Between apples and seeds

Lana and the entire region are full of diversity. And thanks to the favourable mix of Mediterranean and Alpine climates, it's not just apples that have found perfect conditions for growth here for several centuries and at all altitudes.

Others have to go shopping. Martha Lochmann, on the other hand, picks up a small knife and goes out into her garden. “I can find everything I need right here”. We meet the farmer with the characteristic long, grey braid and her blue apron out in a small tunnel-shaped greenhouse full of little pots sprouting new sprigs on a table by the side. This is where she grows the plants she needs for her fields. Every autumn, it is time to harvest the seeds. She grows twelve different tomato varieties, various types of lettuce,
beetroot, strawberries and rather unusual plants such as oka or Egyptian onions – and there are many more items on her seed list. The 60-year-old doesn’t know the exact number of plants she grows, and could hardly find the time to count them, because growing your own seeds is a time-consuming endeavour. Yet Martha wouldn’t want it any other way. In 2002, she attended a course for seed growing and harvesting and has grown her own seeds ever since: “The reason I’m doing this is that I want to preserve
what we have today for tomorrow”, she says determinedly.
Seeds and varieties
Martha and her husband Hermann run the small Bildheim farm built by her grandparents back in 1939 up here in Völlan/Foiana, at an altitude of 700 metres (2,300 ft) above sea level. The wooden house with its pointed gable almost looks straight out of a fairy tale with its wild vines climbing the walls and the dried seeds hanging out in the yard, waiting to be threshed. A large crate filled with Jonagold apples sits on the front step. “This is for us, so we don’t have to buy apples in winter”, Martha says. She is a member of Sorten Garten, a horticultural society dedicated to the preservation of local and heirloom plant varieties. On their one-hectare-big plot of land, they grow different apple varieties and also have several chestnut trees next to their house.
In autumn, when the spiky chestnut burrs split open and the
fruits fall off the trees, they serve traditional hot sweet chestnuts. This is the time of year when “the entire village goes crazy”: the “Keschtnriggl”, almost an entire month dedicated to a series of chestnut-themed events.
“We also have many different animals”, the farmer says proudly, pointing at the chickens, ducks, blue quails and the little chicks that hatched a few days ago. The farm is also home to blacknose sheep, spectacles sheep, blackneck goats and giant rabbits. The Bildheim farm is almost self-sufficient.

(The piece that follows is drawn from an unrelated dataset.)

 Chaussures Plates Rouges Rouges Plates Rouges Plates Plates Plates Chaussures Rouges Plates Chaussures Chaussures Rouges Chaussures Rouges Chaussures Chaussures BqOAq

On a table in the farm’s warm parlour, Martha shows me dozens of transparent little tins full of seeds. She has saved a lot of seeds over the last ten years. “It really hurts to see that many people don’t care about seeds”, she complains. The farmer is a valuable asset for her community
and likes to pass on her knowledge to others, running chestnut tours or holding cheese-making classes for the guests of the nine “Creative Farmers’ in Lana, a group formed to make farm holidays even more appealing to the tourists.

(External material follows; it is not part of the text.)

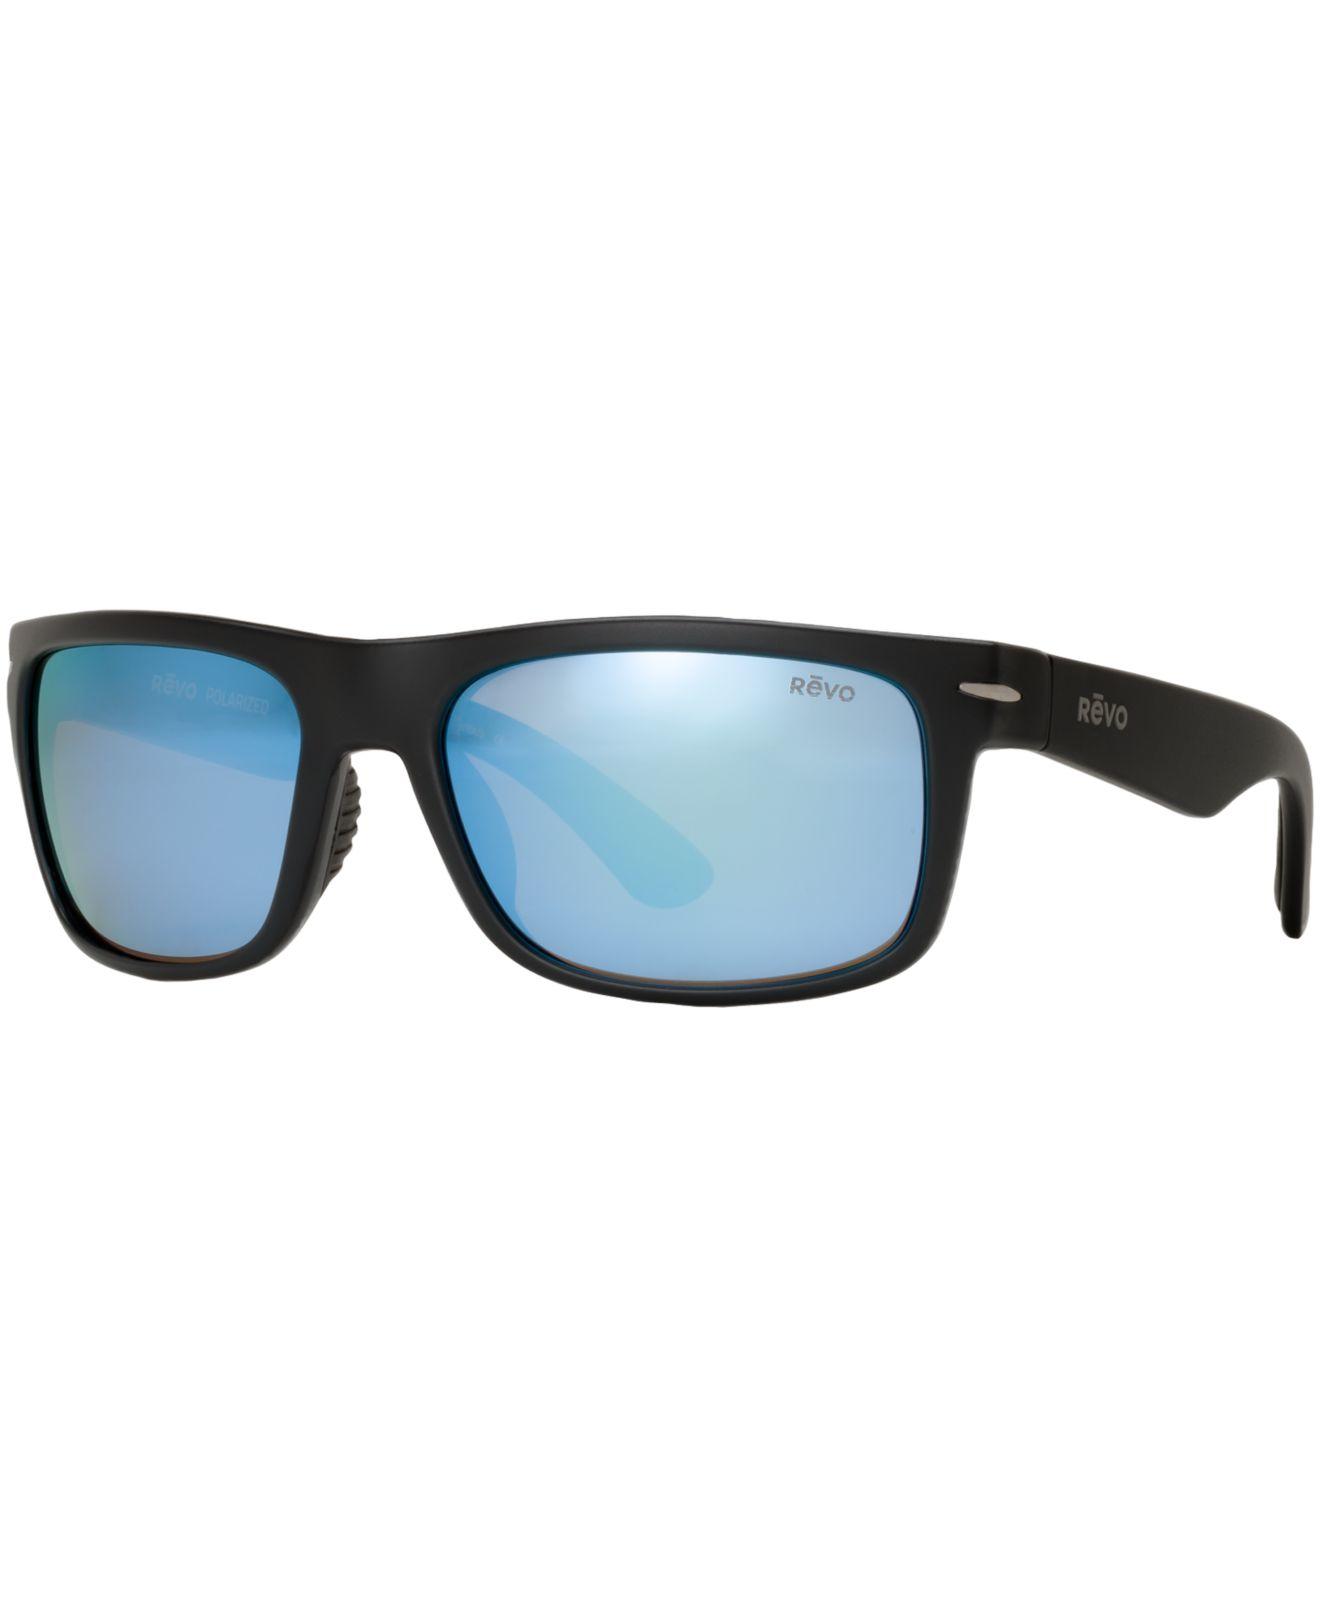 4fc9881797 Lyst - Revo Re5005x Vanguard in Black for Men

Customs and traditions for guests
Ulrike Laimer from Lana’s Goldbichlhof farm is one of the
“Creative Farmers”. Her 17th-century farm with its two buildings and a barn is located at 450 metres (1,480 ft) above sea level. The barn is home to 15 sheep – the pastime of Ulrike’s father – and some chickens, which are busy chasing the flies sitting on the barn windows right as we get there. The total land amounts to 2.6 hectares and is used for orchards and vineyards, but also for some chestnut trees. Ulrike has planted more than five apple varieties, focusing mainly on Golden and Stark Delicious and Fuji. And she grows four different types of wine grapes: Chardonnay, Sauvignon, the aromatic Gewürztraminer and Schiava. Most of her grapes are shipped to a winery, and only some of the Schiava harvest is pressed at the farm for their own personal use. The berries and fruit grown out in her garden are used for making delicious jams. And Ulrike also makes her own apple juice and South Tyrolean speck, a bacon variety: She buys legs of pork from farmers personally known to her and prepares them in her own
smokery (a special room known as Selchküche, which all those farms used to have in the past) following old, traditional recipes.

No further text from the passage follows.